Abhöraffäre in Großbritannien - Polizei am Pranger

Premierminister Camerons PR-Direktor Coulson unter Meineidverdacht


Die aktuelle Affäre um das Abfangen von Mobiltelefonnachrichten prominenter Personen aus Politik, Sport und Unterhaltung in Großbritannien durch Mitarbeiter der Sonntagszeitung News of the World wirft brisante Fragen bezüglich der Geschäftspraktiken des australoamerikanischen Verlegers Rupert Murdoch, dem das Revolverblatt und ihre Schwesterzeitung Sun gehören, auf. Vor allem die einzigartige Zurückhaltung, mit der in der Affäre seit Jahren ermittelt wird, deutet darauf hin, daß für die Führung von Scotland Yard die Zusammenarbeit mit dem mächtigsten Medienmagnaten der Welt wichtiger ist als die Wahrnehmung ihrer hoheitlichen Aufgaben, nämlich den Bürger vor Übergriffen zu schützen und kriminellem Treiben ein Ende zu setzen.

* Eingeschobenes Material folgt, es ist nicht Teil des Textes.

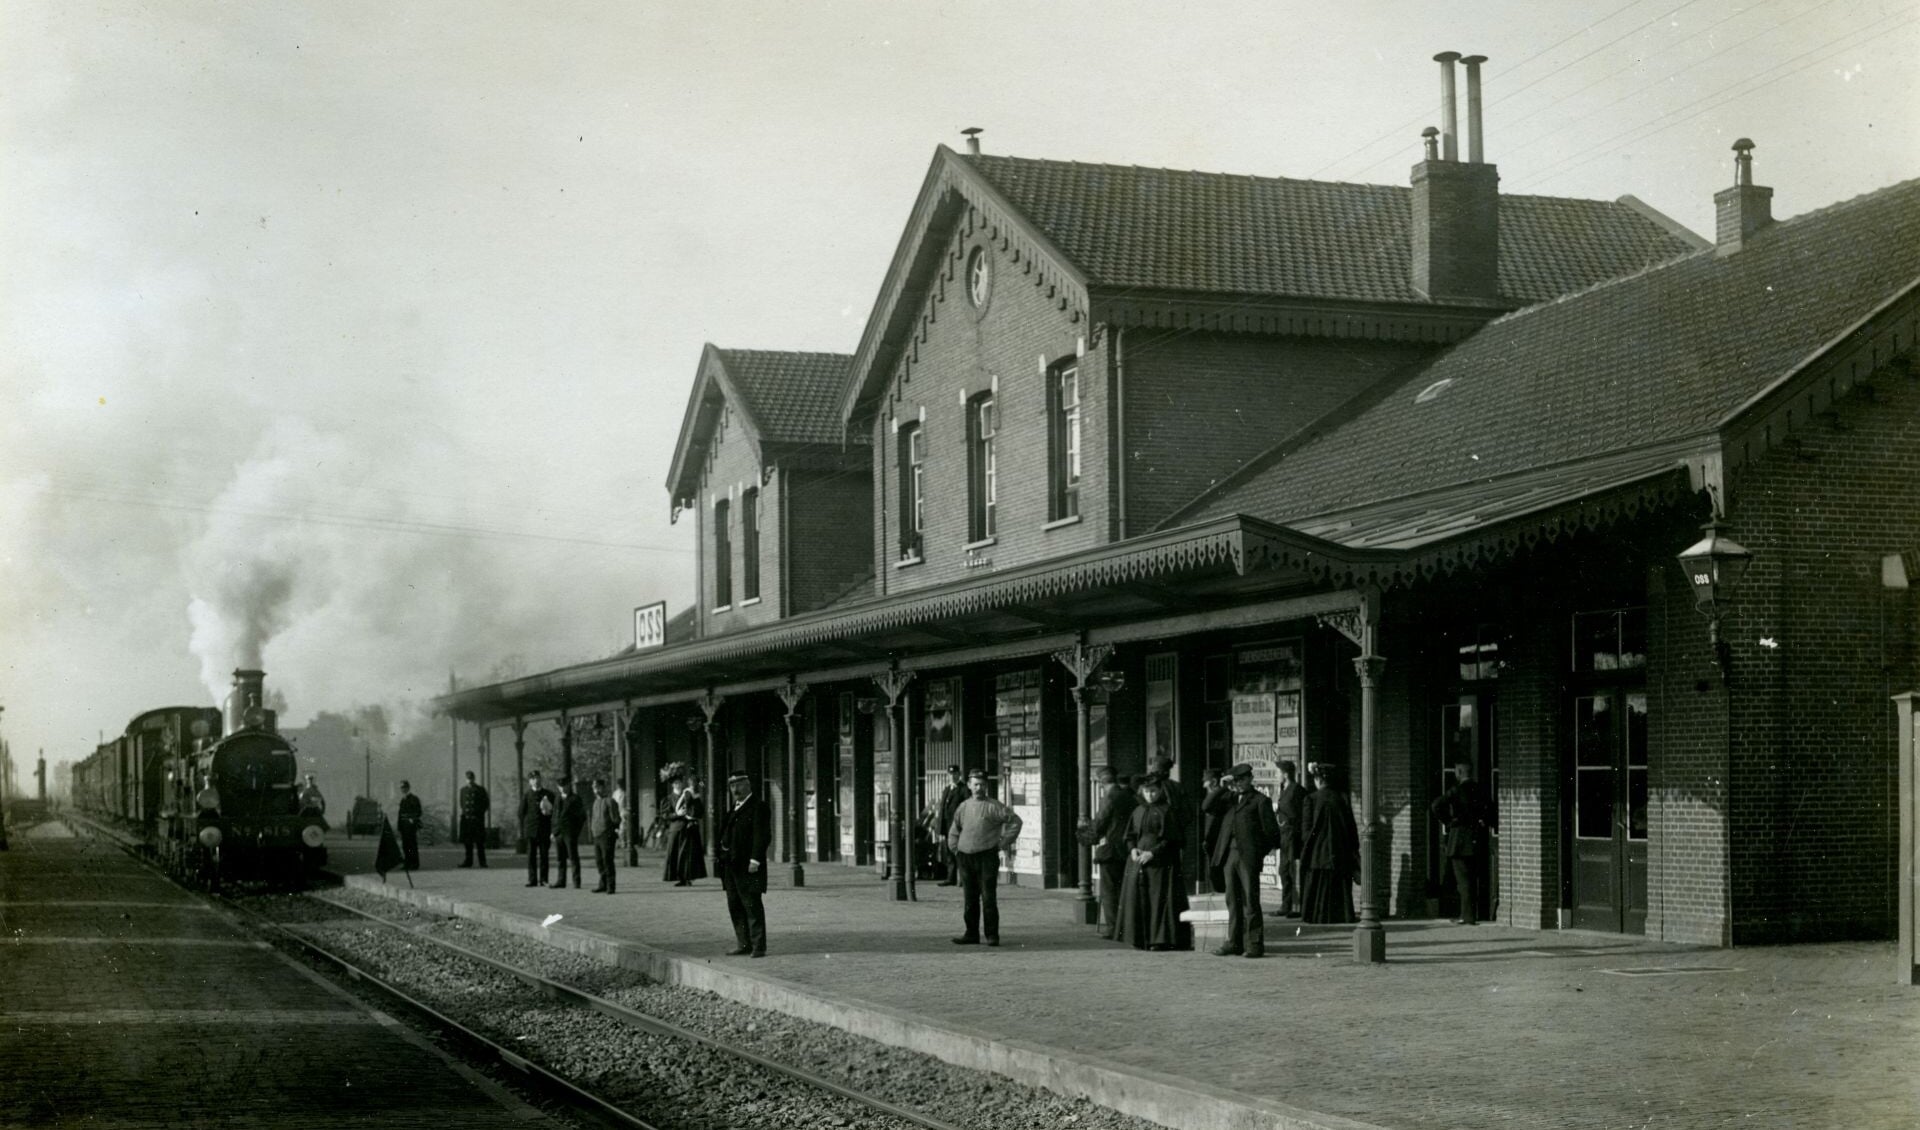 Het eerste Osse station werd geopend in 1881 en in 1904 uitgebreid. Rond 1910 stelde Adrianus van de Rakt zijn camera zo op dat hij niet alleen het station, maar ook een aankomende stoomtrein vastlegde.

Wie sehr Murdoch Großbritannien inzwischen zu einer Art Bananenrepublik degradiert hat, wurde nicht nur aus dem sensationellen Artikel der New York Times vom 5. September über die zahlreichen, von dem Metropolitan Police Service Londons nicht nachgegangenen Spuren in der Abhöraffäre, sondern auch aus der fehlenden Resonanz weiter Teile der britischen Presse deutlich. Bis auf die linksliberale Tageszeitung Guardian, die seit Jahren für eine umfassende Aufklärung der Affäre eintritt und über die laufende Entwicklung viel schreibt, und den liberalen Independent haben praktisch alle anderen großen konservativen Blätter, Murdochs Times und Sun sowie die Daily Mail, der Daily Express, der Daily Star und der Daily Telegraph, die brisanten Enthüllungen der beeindruckenden NYT-Reportage "Tabloid Hack Attack on Royals, and Beyond" aus der Feder von Don van Natta jun., Jo Becker und Graham Bowley entweder verschwiegen oder nur beiläufig erwähnt.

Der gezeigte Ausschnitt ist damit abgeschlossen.